Information about the compound

A substituted sulfamate monosaccharide.

Usage

• It is used as an anticonvulsant and antiepileptic drug.

• Indicated in adults for migraine prophylaxis.

• Monotherapy in adults, adolescents, and children over 6 years of age with partial-onset seizures with or without secondary generalization and primary generalized tonic-clonic seizures (grand mal).
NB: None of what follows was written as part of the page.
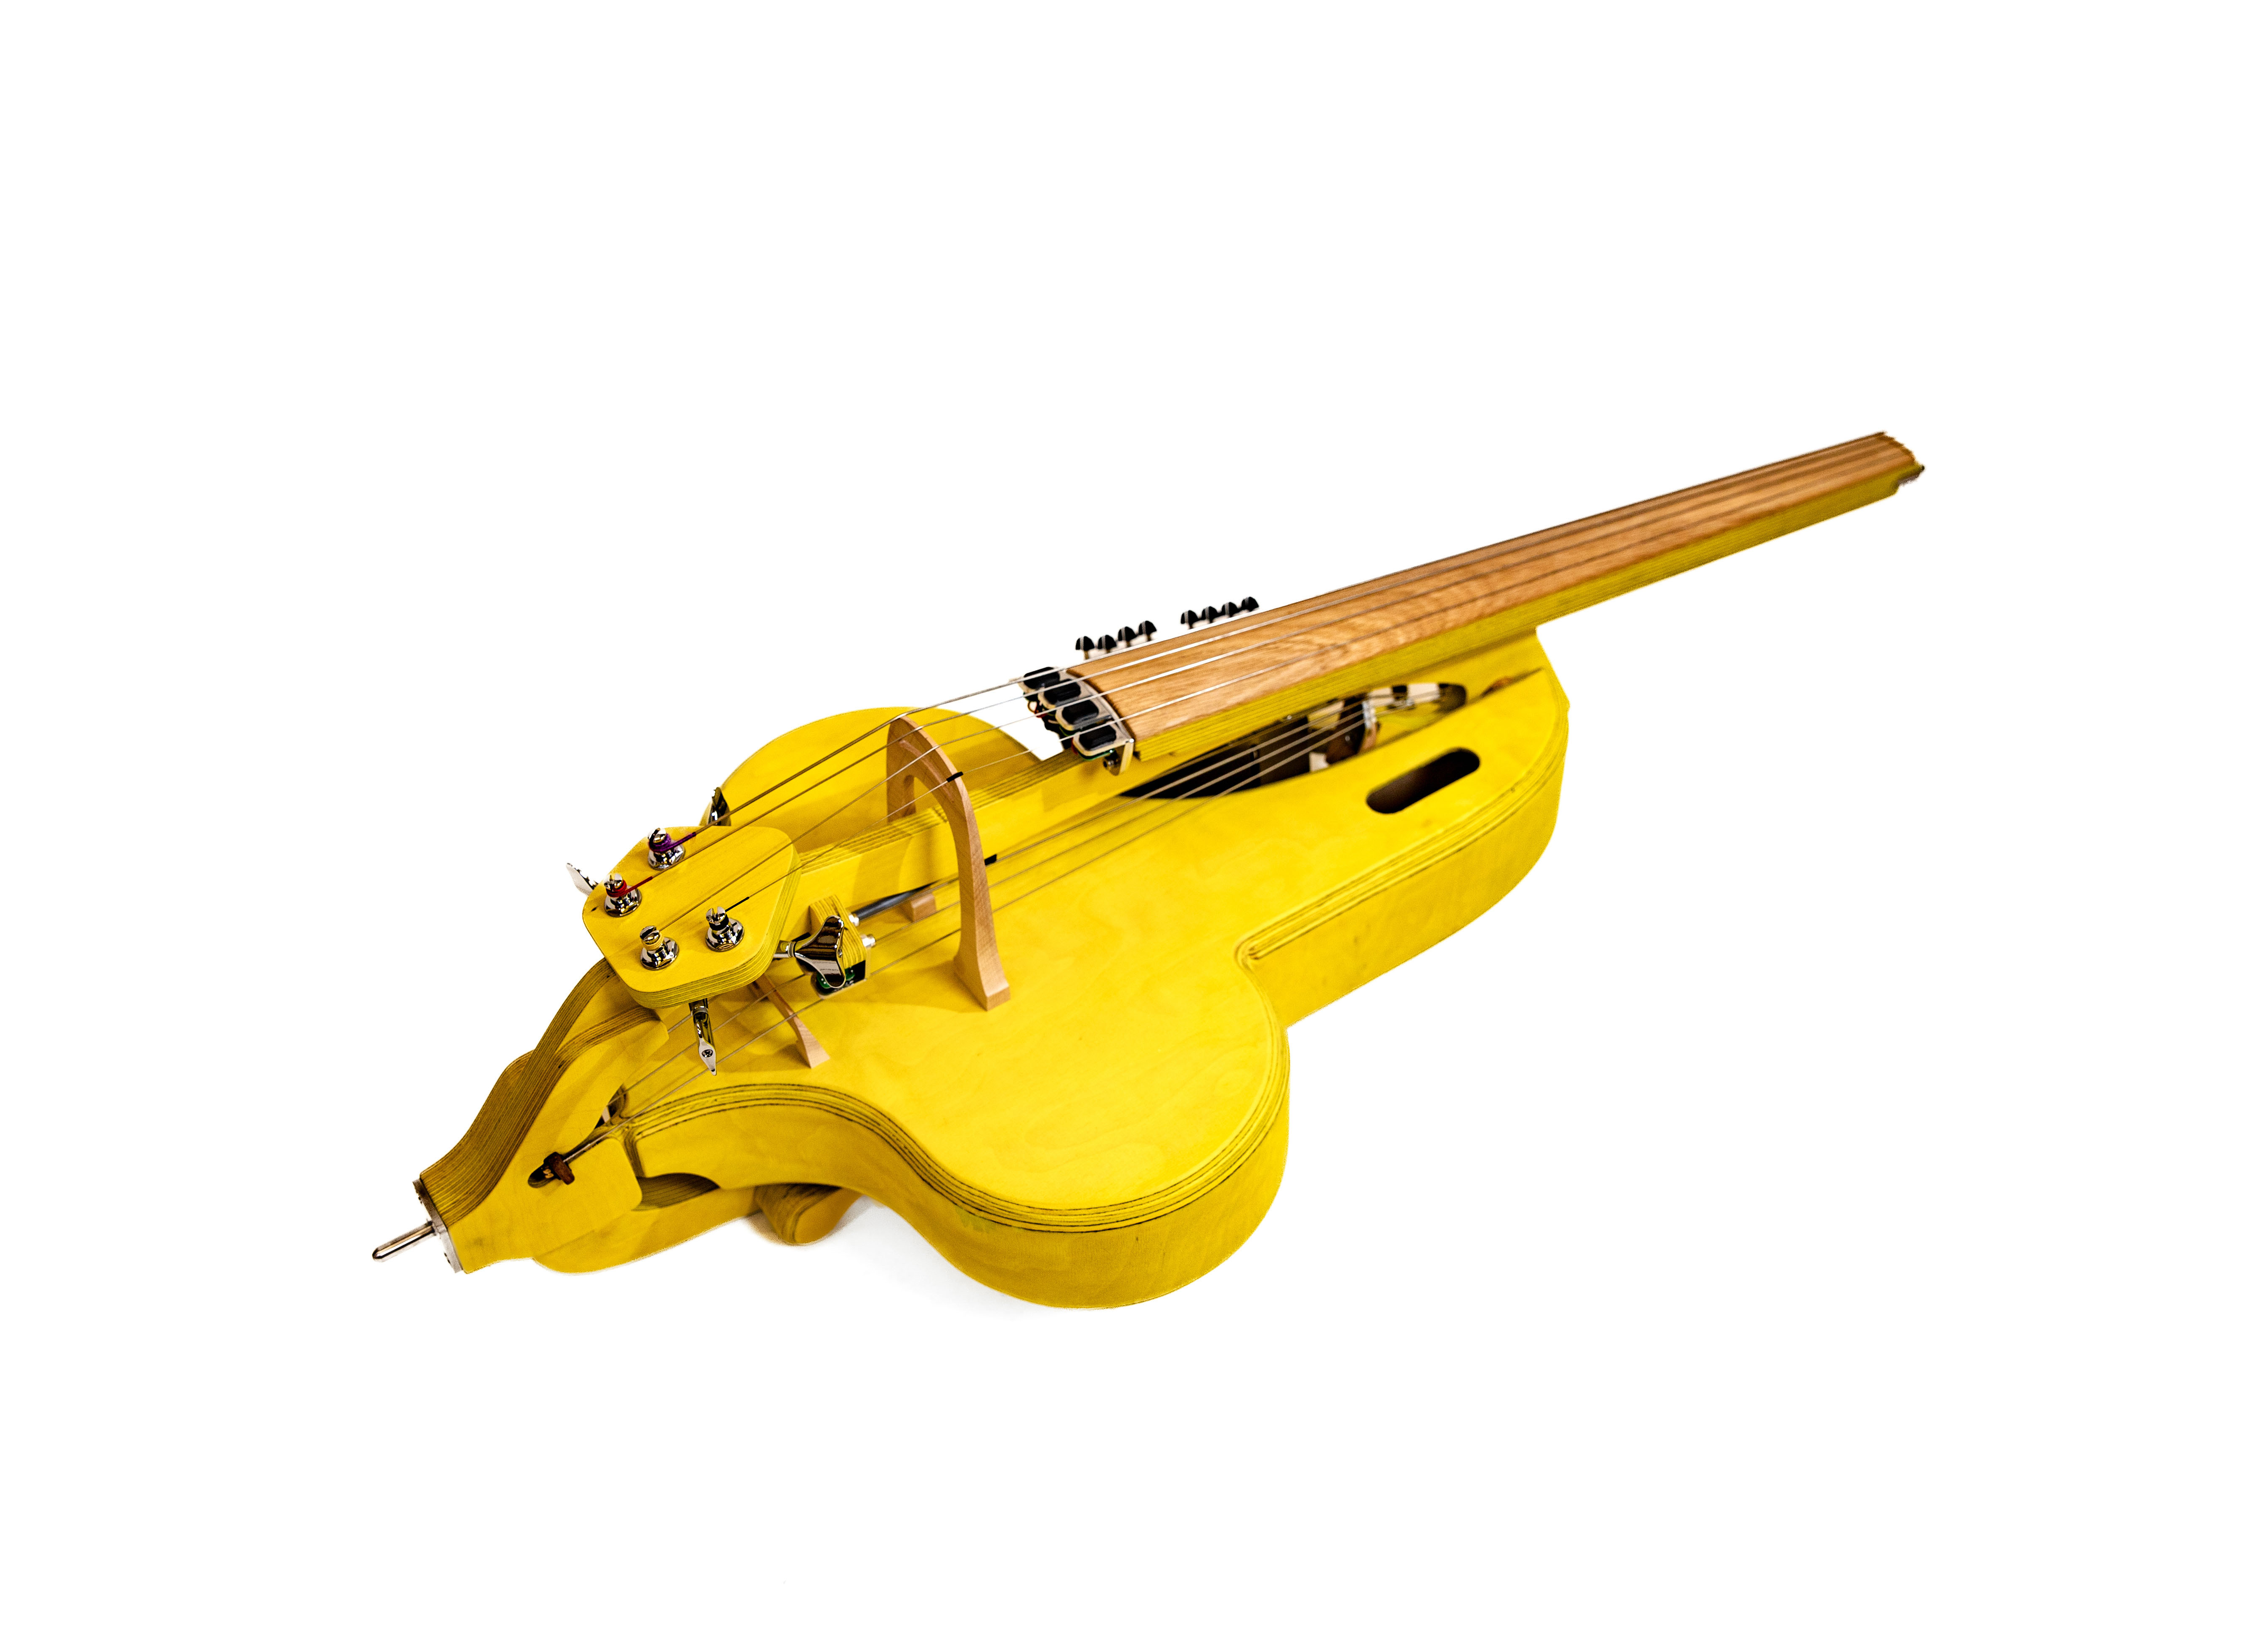 A yellow string instrument with feedback abilities

• It is also used off-label for weight management, mood disorders, and bipolar disorder.

Gender Differences

• In women taking oral contraceptives in combination with TPM, there may be a reduction in contraceptive effectiveness and an increase in spotting.

• Not recommended during pregnancy, as it has been found to be teratogenic in preclinical studies in mice, rats, and rabbits.
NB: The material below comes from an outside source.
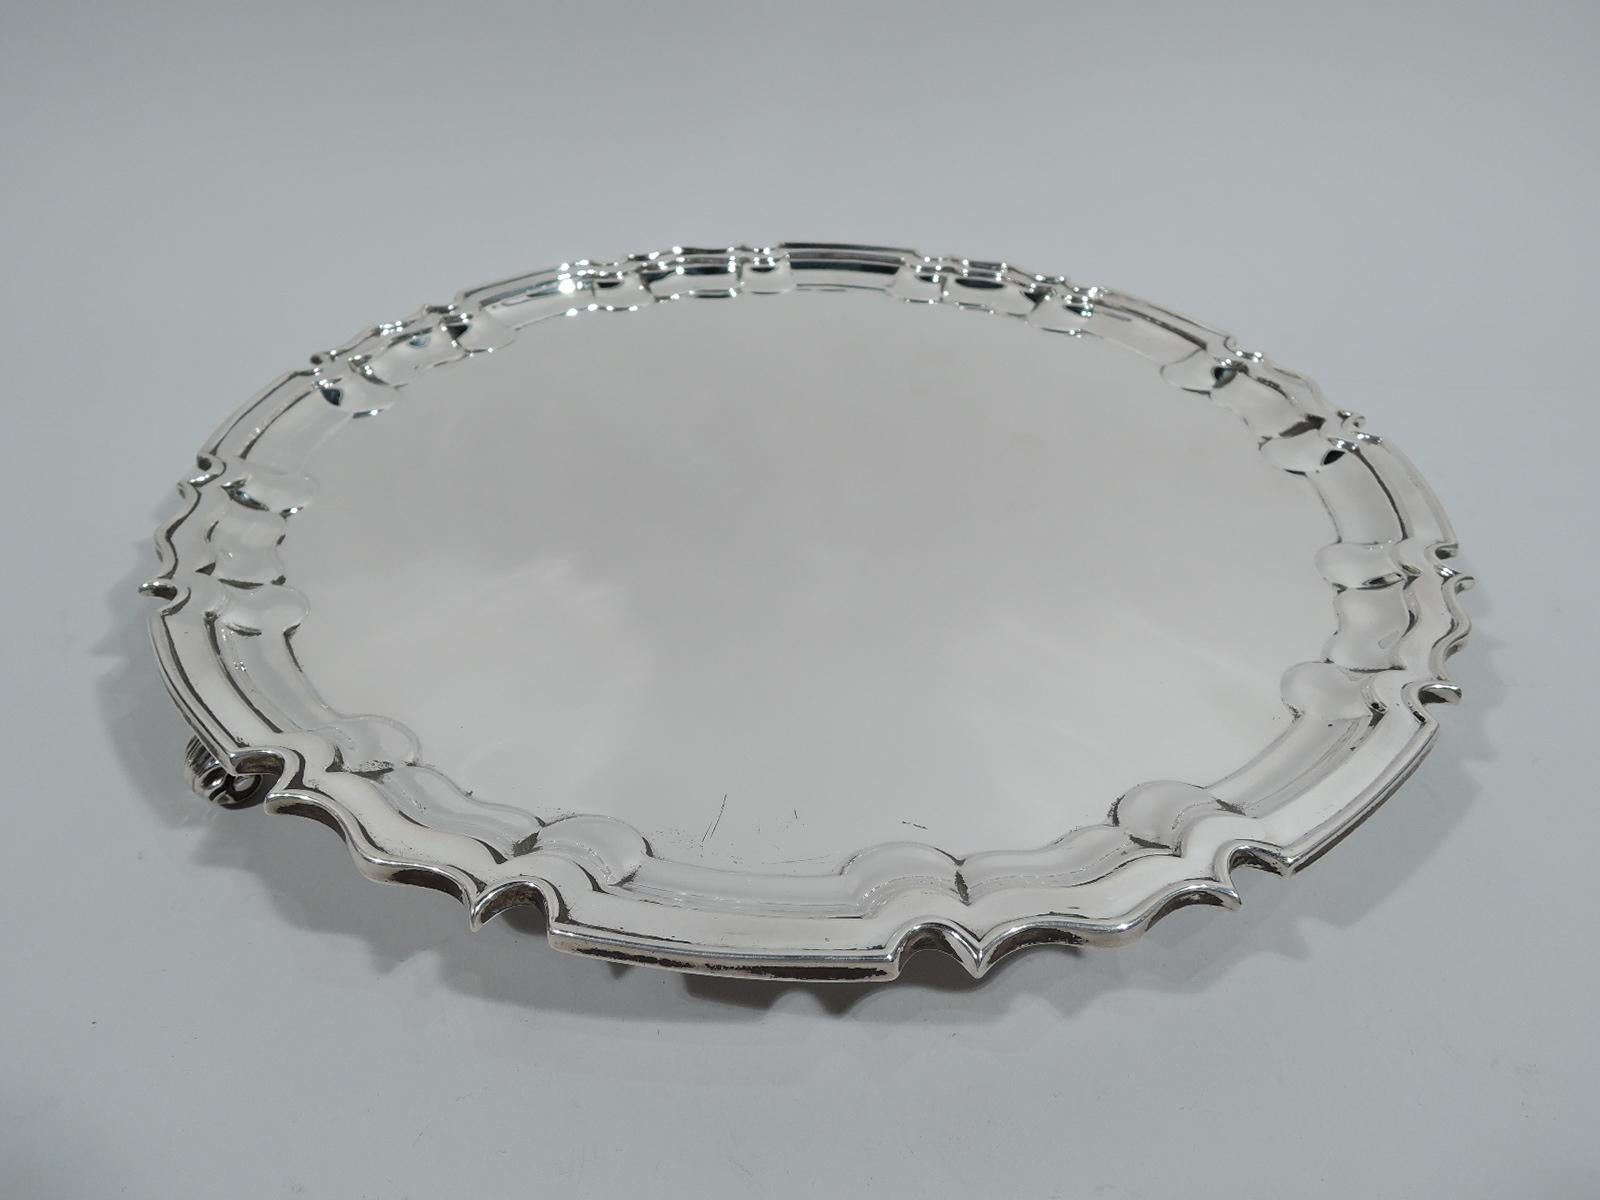 Edwardian Georgian sterling silver salver. Made by William Hutton & Sons, Ltd in London in 1905. Round with crisp and molded curvilinear piecrust rim. Three leaf-capped volute-scroll supports. Fully marked. Heavy weight: 33.5 troy ounces.

• Not recommended during breastfeeding.

Compound Information
An immunosuppressive drug composed of monoclonal antibodies. The drug blocks the migration of cytokines and consequently acts indirectly on inflammation by reducing the immune response.

Uses
It is used for autoimmune diseases, specifically for Crohn's disease and multiple sclerosis.

Gender Differences

• The elimination of the drug is reduced in females, which makes women more susceptible to side effects.

• Thrombocytopenia and anemia have been reported in neonates born to women exposed to the drug during pregnancy.

Chemical formula

C10H13N5O4

Information on the compound

Zidovudine is an antiviral drug, an inhibitor of HIV replication.

Usage

Used for the treatment of HIV infection and for reducing viral load to lower the risk of sexual transmission of the virus.

Gender Differences

• Women are more susceptible to HIV infection than men.

• HIV-positive women require more support compared to the male population.

• Antiretrovirals are less effective and more toxic in women.

• Overweight women are at higher risk of side effects compared to men.

Chemical formula

C19H21N3O

Information about the compound

Zolpidem is a sedative drug belonging to the imidazopyridine family, acting to reduce brain activity and promote sleep.

Usage

Used for the short-term treatment of insomnia.

Gender differences

After being used for decades, in 2011 the FDA reduced the dose of Zolpidem from 10 mg to 5 mg for women following reports of side effects, especially driving problems the day after use, and a study highlighting the differences between men and women in absorption rates and extent. Specifically, the immediate-release zolpidem has an absorption rate that is 45% higher in women compared to men, while for the extended-release formulation, the difference is between 50% and 70%. In fact, zolpidem clearance in women is, on average, 35% lower than in men. This means that women tend to eliminate zolpidem more slowly than men. In general, women tend to be more sensitive to the effects of sedative drugs.

Additionally, not only female hormones but also testosterone can modify the drug’s activity. When testosterone is present in higher amounts, the activity of zolpidem may be stimulated, while lower levels, as seen in women, can cause a decrease in enzyme activity. This was confirmed by a study in which castrated male rats showed pharmacokinetics similar to that of females, providing further evidence suggesting that zolpidem pharmacokinetics are driven by androgens.

During pregnancy, zolpidem may cause withdrawal symptoms in the newborn. Moreover, the female population is more prone to daytime sedation, risking impairment of driving ability.

Other relevant points:

• Women metabolize zolpidem more slowly than men due to differences in liver enzyme activity, leading to higher drug levels in the blood and a longer duration of effect.

• Higher zolpidem levels in the blood increase the risk of side effects such as:

  • Drowsiness or sedation the next day, which can impair activities like driving.

  • Dizziness and confusion.

  • Increased sensitivity to cognitive and psychomotor damage.

Other specific effects that may occur in the female population:

• Zolpidem can cross the placenta, and maternal use during the third trimester or labor may cause respiratory depression and sedation in newborns.

• Zolpidem is excreted in breast milk. Some reports highlight excessive sedation in breastfed newborns.

• Fluctuations in estrogen and progesterone can affect the pharmacodynamics and pharmacokinetics of zolpidem in women, making its biological response variable depending on the phases of the hormonal cycle.